### Problem statement
What you give back should be exactly the lines from the one with "Bofællesskabet Krogholmgård" through the final line of the material, pictures removed; please add nothing.

### Provided data
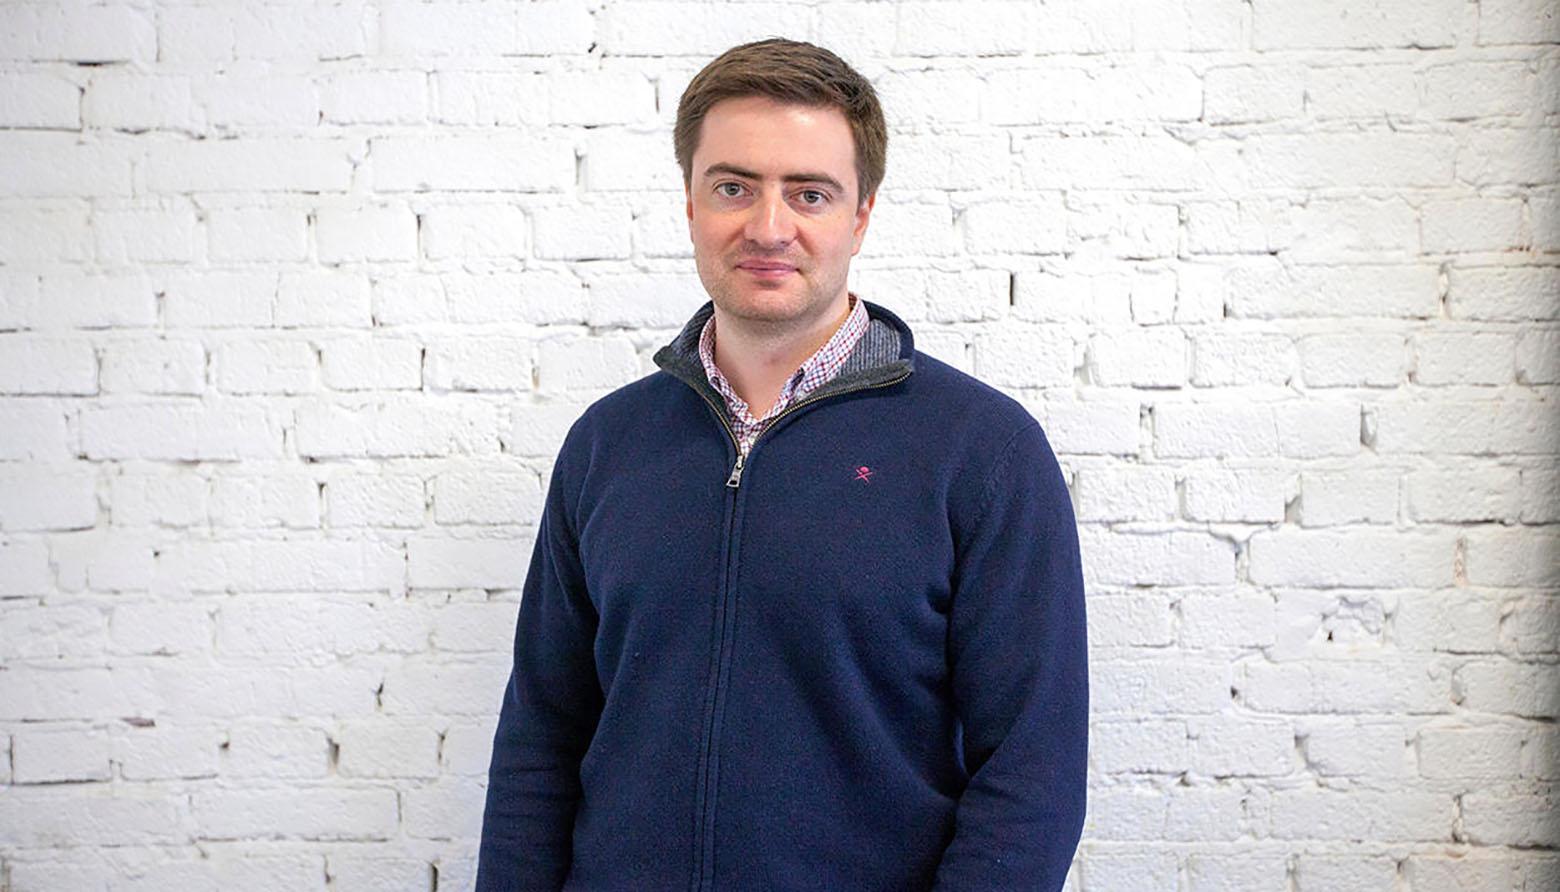 руководитель направления голосовых технологий и продуктов «Яндекса» Денис Филиппов
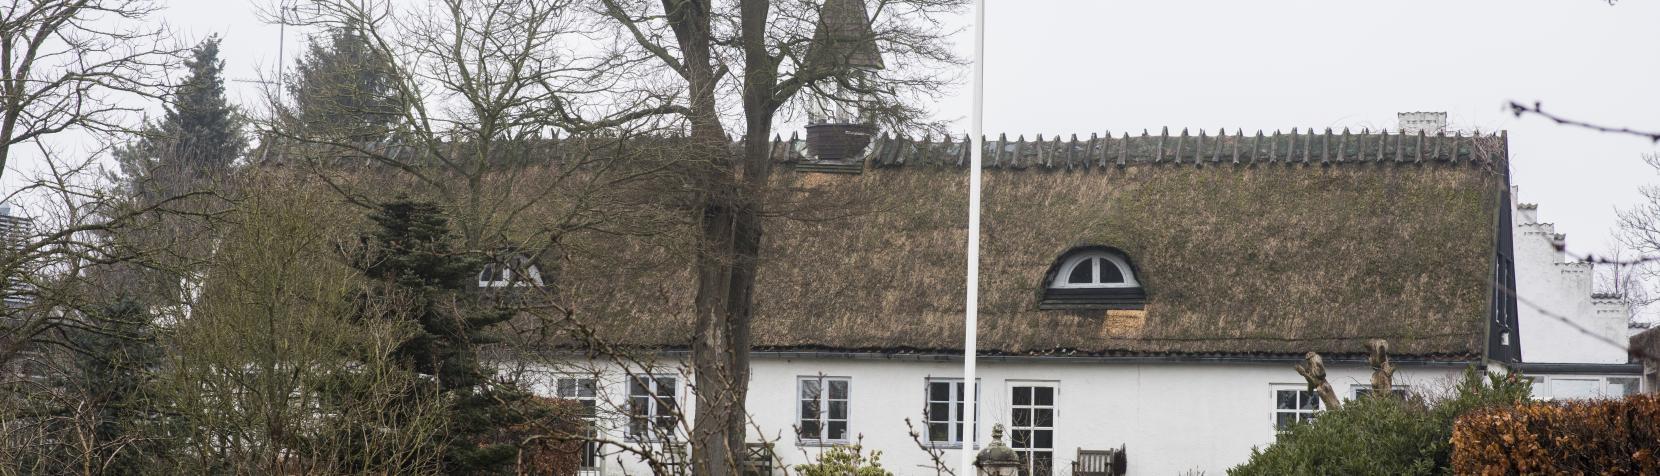 Bofællesskabet Krogholmgård
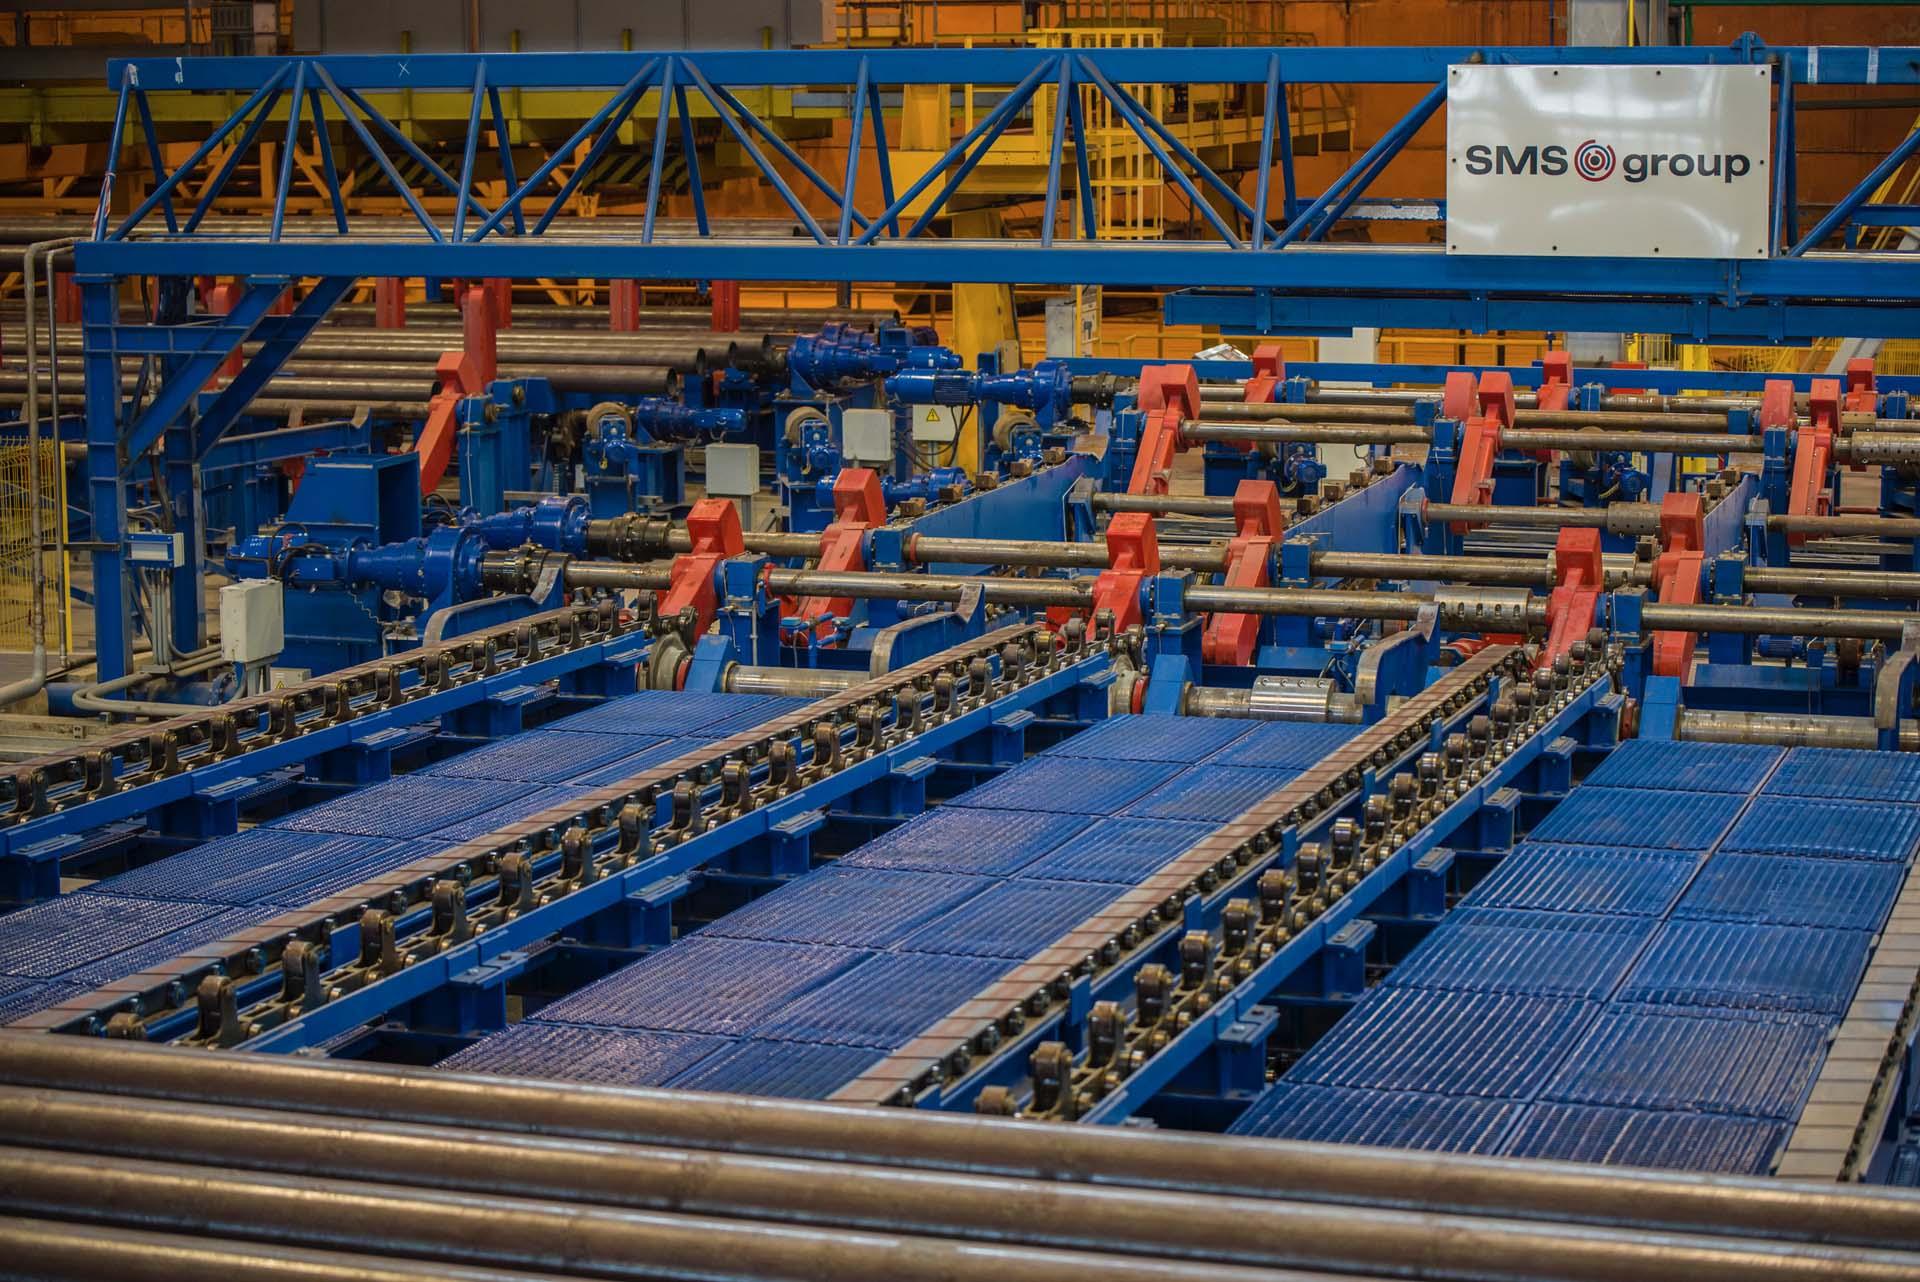 ТМК ввела в эксплуатацию новый комплекс термообработки труб на СТЗ

### Output
 Bofællesskabet Krogholmgård
 ТМК ввела в эксплуатацию новый комплекс термообработки труб на СТЗ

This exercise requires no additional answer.